*Task prompt*.
Repeat exactly the lines below, from the line containing "35. Верхен-Кыштымский завод." through the last line, both included. Leave out any pictures.

*Information provided*.
▼
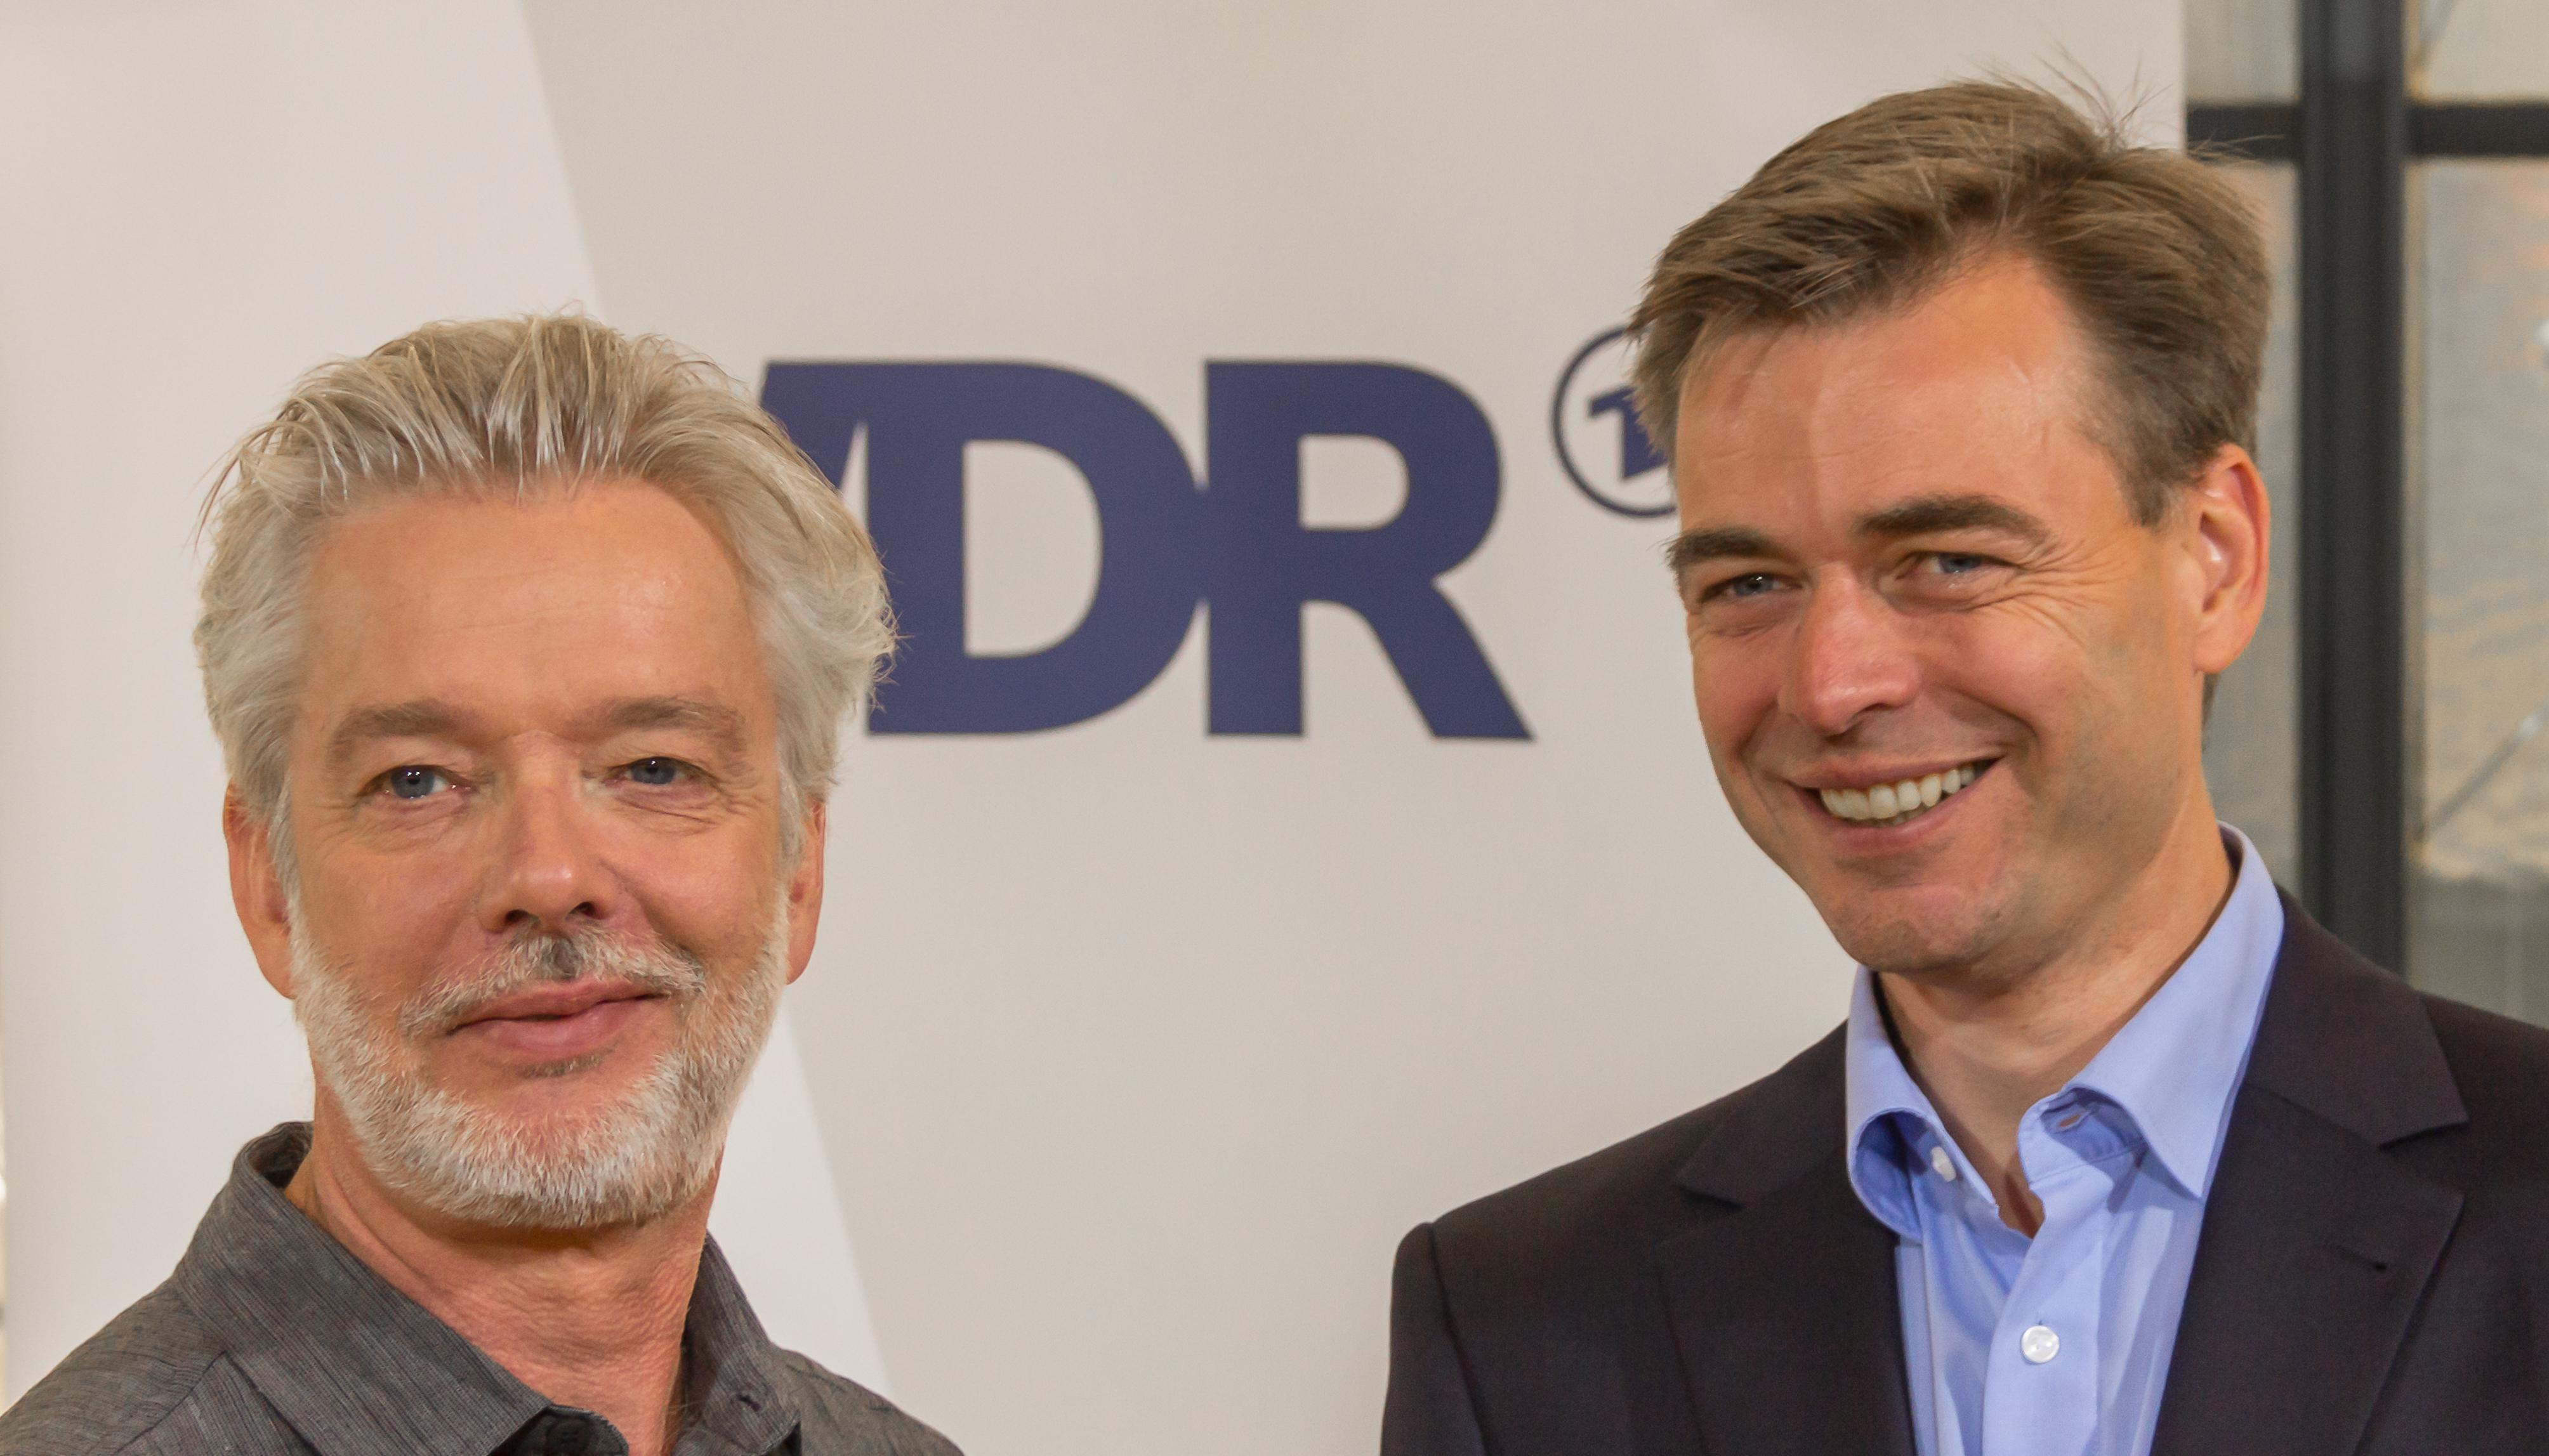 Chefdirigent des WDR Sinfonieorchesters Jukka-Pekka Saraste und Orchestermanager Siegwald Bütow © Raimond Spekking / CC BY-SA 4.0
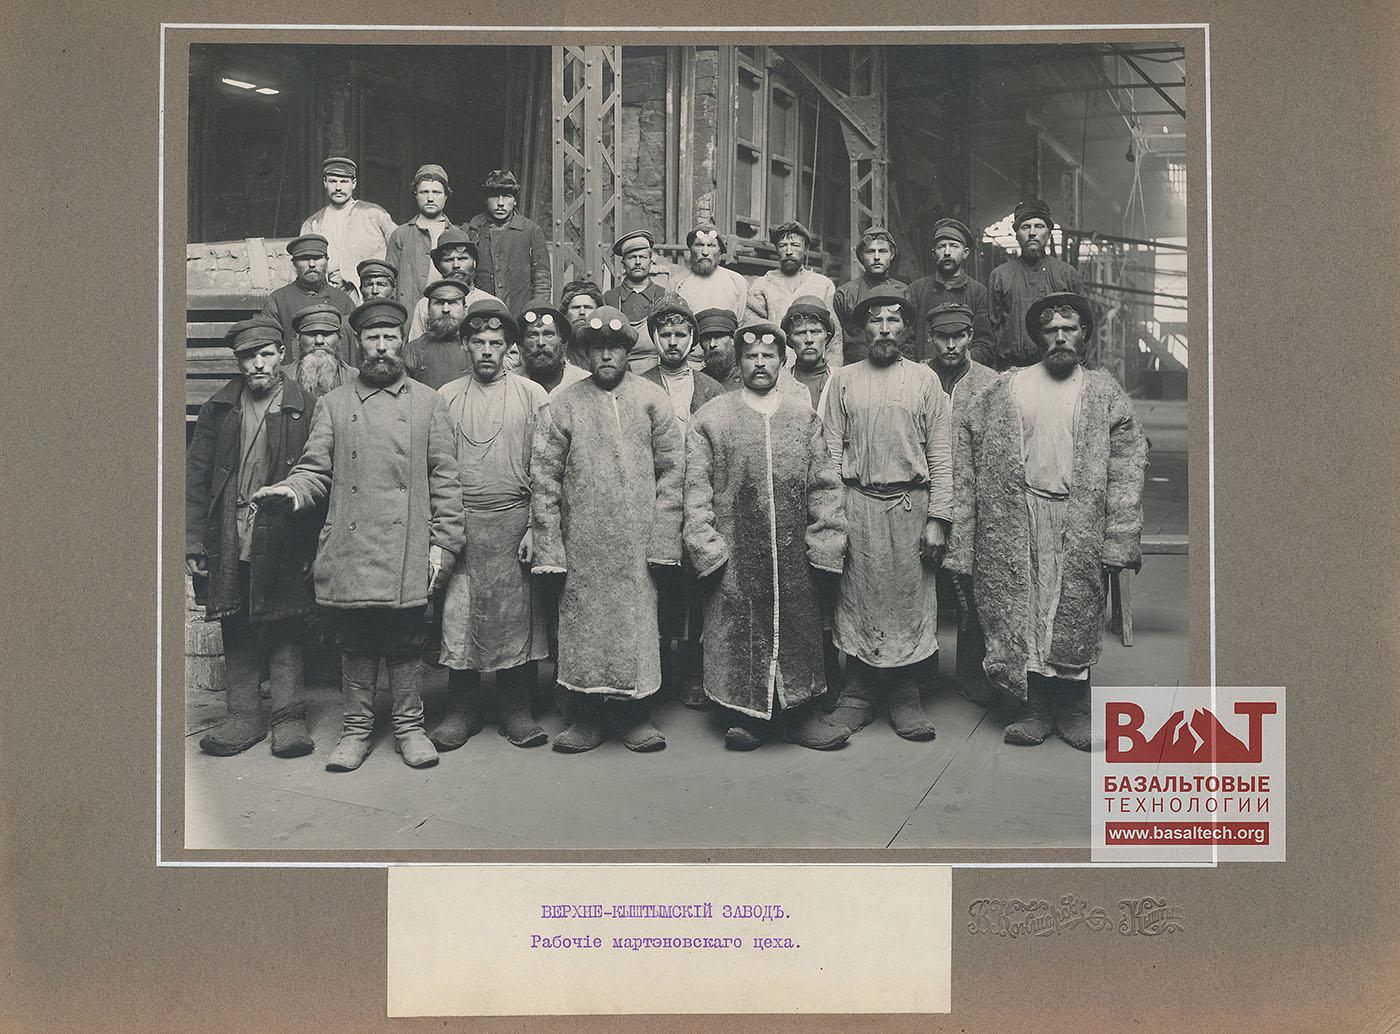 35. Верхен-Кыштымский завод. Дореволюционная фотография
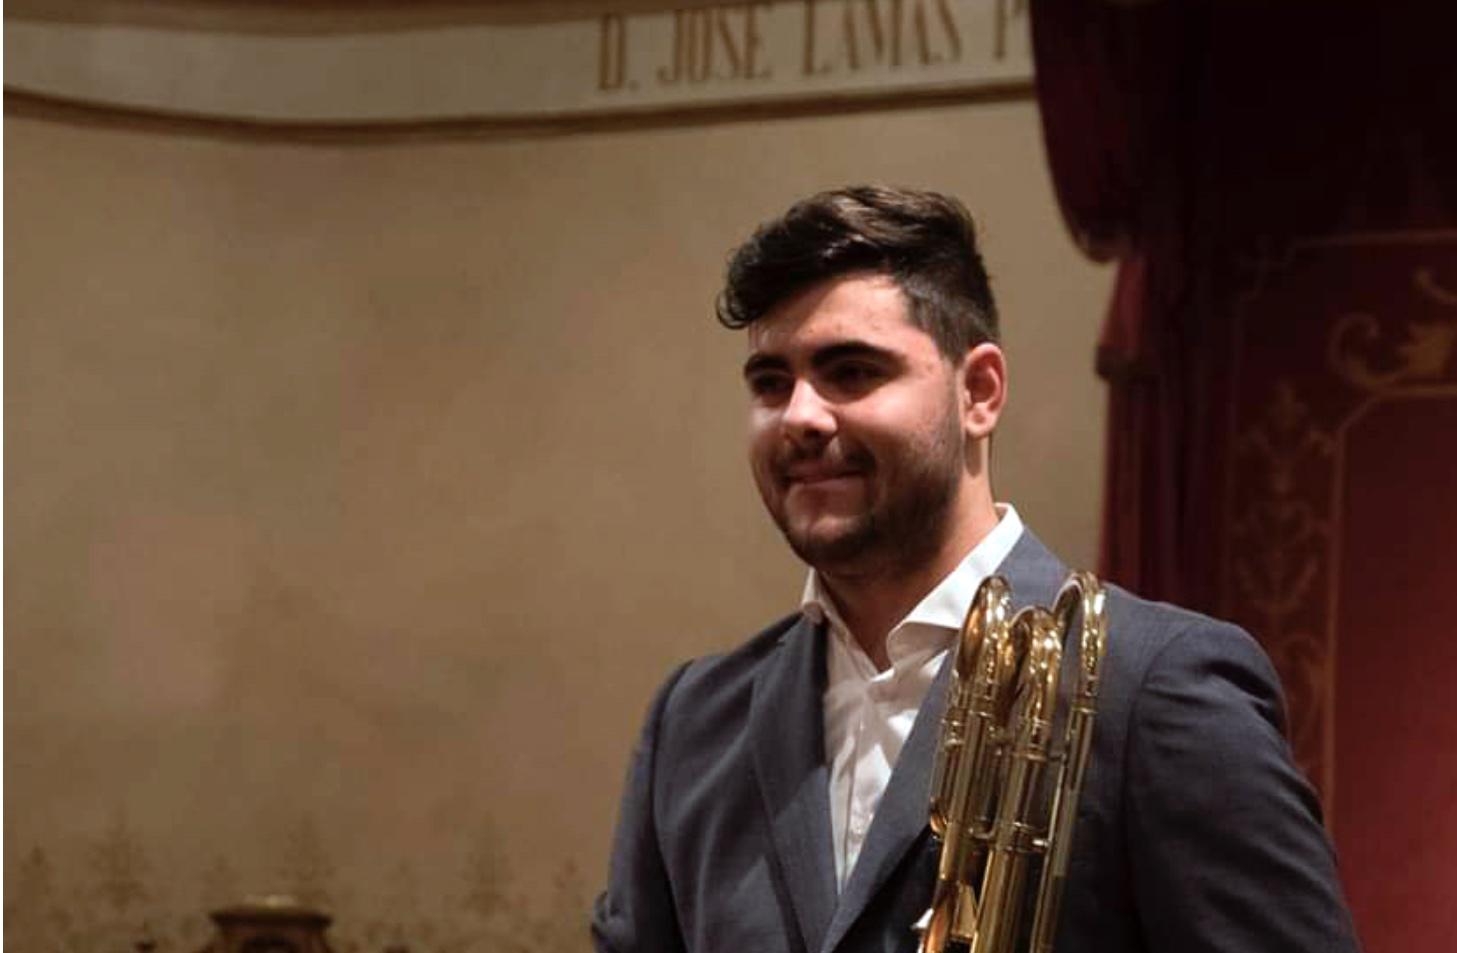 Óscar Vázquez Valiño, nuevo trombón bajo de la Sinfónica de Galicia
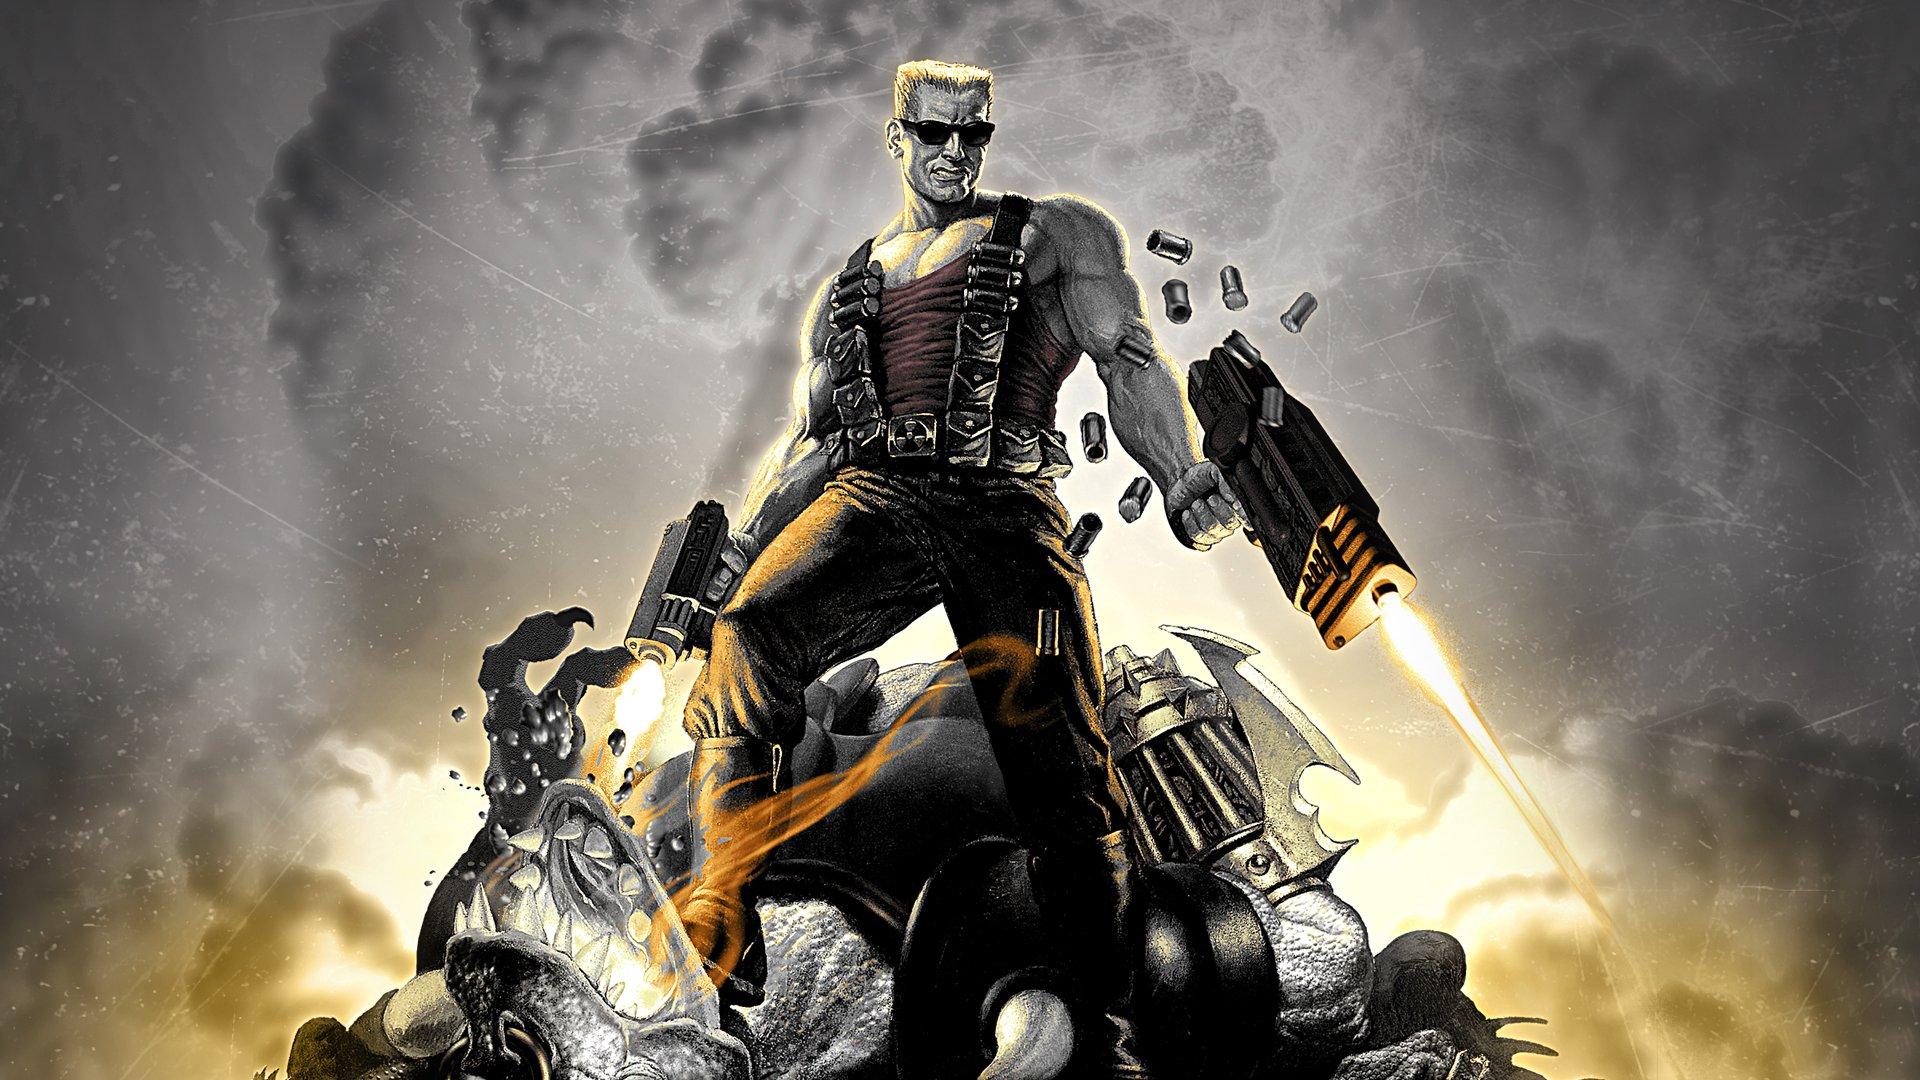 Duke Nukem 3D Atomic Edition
▲
*Solution for this task*.
 35. Верхен-Кыштымский завод. Дореволюционная фотография
 Óscar Vázquez Valiño, nuevo trombón bajo de la Sinfónica de Galicia
 Duke Nukem 3D Atomic Edition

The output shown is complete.